Speaker 2What if the entropy pool hasn't been fully initialized yet? Remember all those keys Nadia factored using GCD back in 2012? Joe Biden remembers.
Speaker 1Backdoor, backdoor. Shut the fuck up, donald. Backdoor Joe. Sounds like you're making the case for get random, which fixes the initialization blocking issue with you random.
Speaker 2Yeah, openbsd has this right from the start.
Speaker 3Shut up, joe. Theo might hear you, and then we'll have to invite him to Chipotle.
Speaker 1Can I come to Chipotle?
Speaker 3No, obama, you have Ligma.
Speaker 1I do not have Ligma Ligma balls. Sleepy Joe gets it. Fuck both of you. I'm putting you random in B tier and get random in S tier. Looks like B Crypt and S Crypt are next.
Speaker 3I know you don't respect law and order, but if shut 2 is S tier, then B Crypt also should be S tier.
Speaker 1Finally, Donald says something reasonable. How else are you going to hash passwords?
Speaker 2You're supposed to hash passwords.
Speaker 3Not if you use email to sign in. Joe.

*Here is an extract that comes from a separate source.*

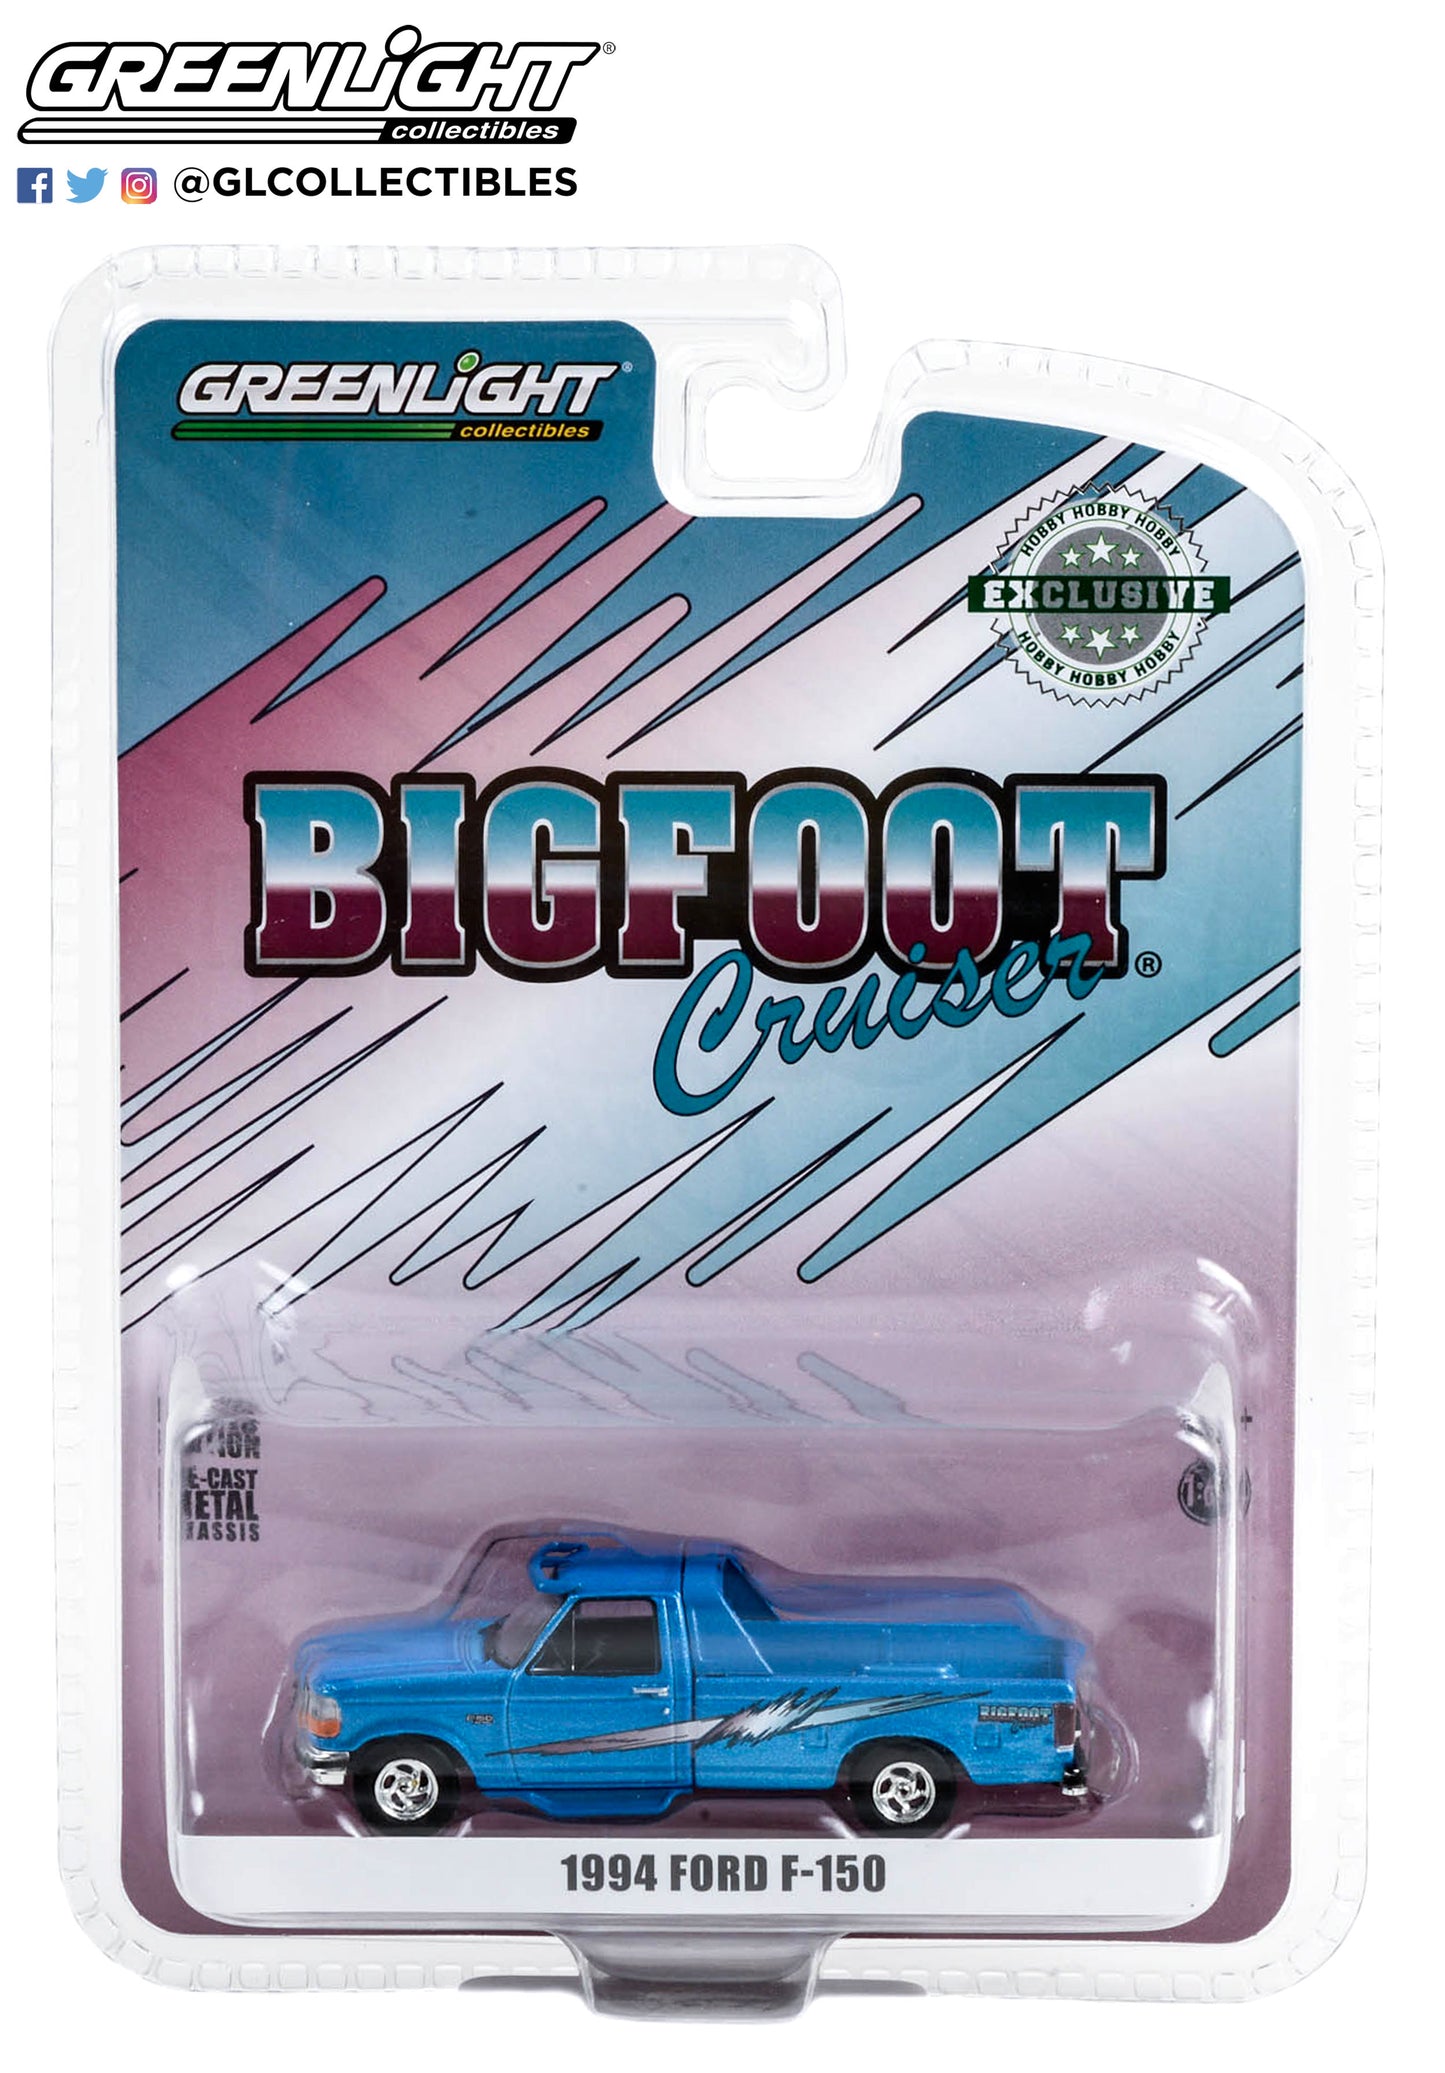 GreenLight 1:64 1994 Ford F-150 - Bigfoot Cruiser #2 - Ford, Scherer Truck Equipment and Bigfoot 4x4 Collaboration (Hobby Exclusive) 30376

Speaker 2I always just reset my password because I can't remember it.
Speaker 1I'm putting S Crypt in B tier because no one actually needs a memory hard hash.
Speaker 3What about Dogecoin?
Speaker 1Donald, I know you're an Elon stand, but Dogecoin is fucking stupid.
Speaker 3Not, it's fucking goaded.
Speaker 2It has a picture of a Shiba Inu. It's fucking goaded.
Speaker 1Not fucking saying fucking goaded. Can we just finish this tier list?
Speaker 2It doesn't matter. I still agree that Snarks are Moon Math.
Speaker 3That's not what he said, Sleepy Joe.
Speaker 1Actually, you know what? I don't understand any of this. Zero knowledge crap. If anything is Moon Math, it's Snarks.
Speaker 2I agree. Anything with an elliptic curve is Moon Math.
Speaker 1Let's skip ZK Snarks and Bullet Proofs. That leaves us with ECB and X509.
Speaker 2ECB is the one with the penguins right. It's the worst of the cipher modes.
Speaker 3Finally, Sleepy Joe says something I can agree with ECB and Considered Harmful.
Speaker 1Done. That leaves us with X509.
Speaker 2Trash, trash.
Speaker 1Trash X509. It's Considered Harmful. All right, fellas, we did it. We completed the tier list. We're done.
Speaker 3We did it, Joe. Let's go get Chipotle while my Minecraft is updating.
Speaker 2Yeah, let's do it, donald. See you later Obama.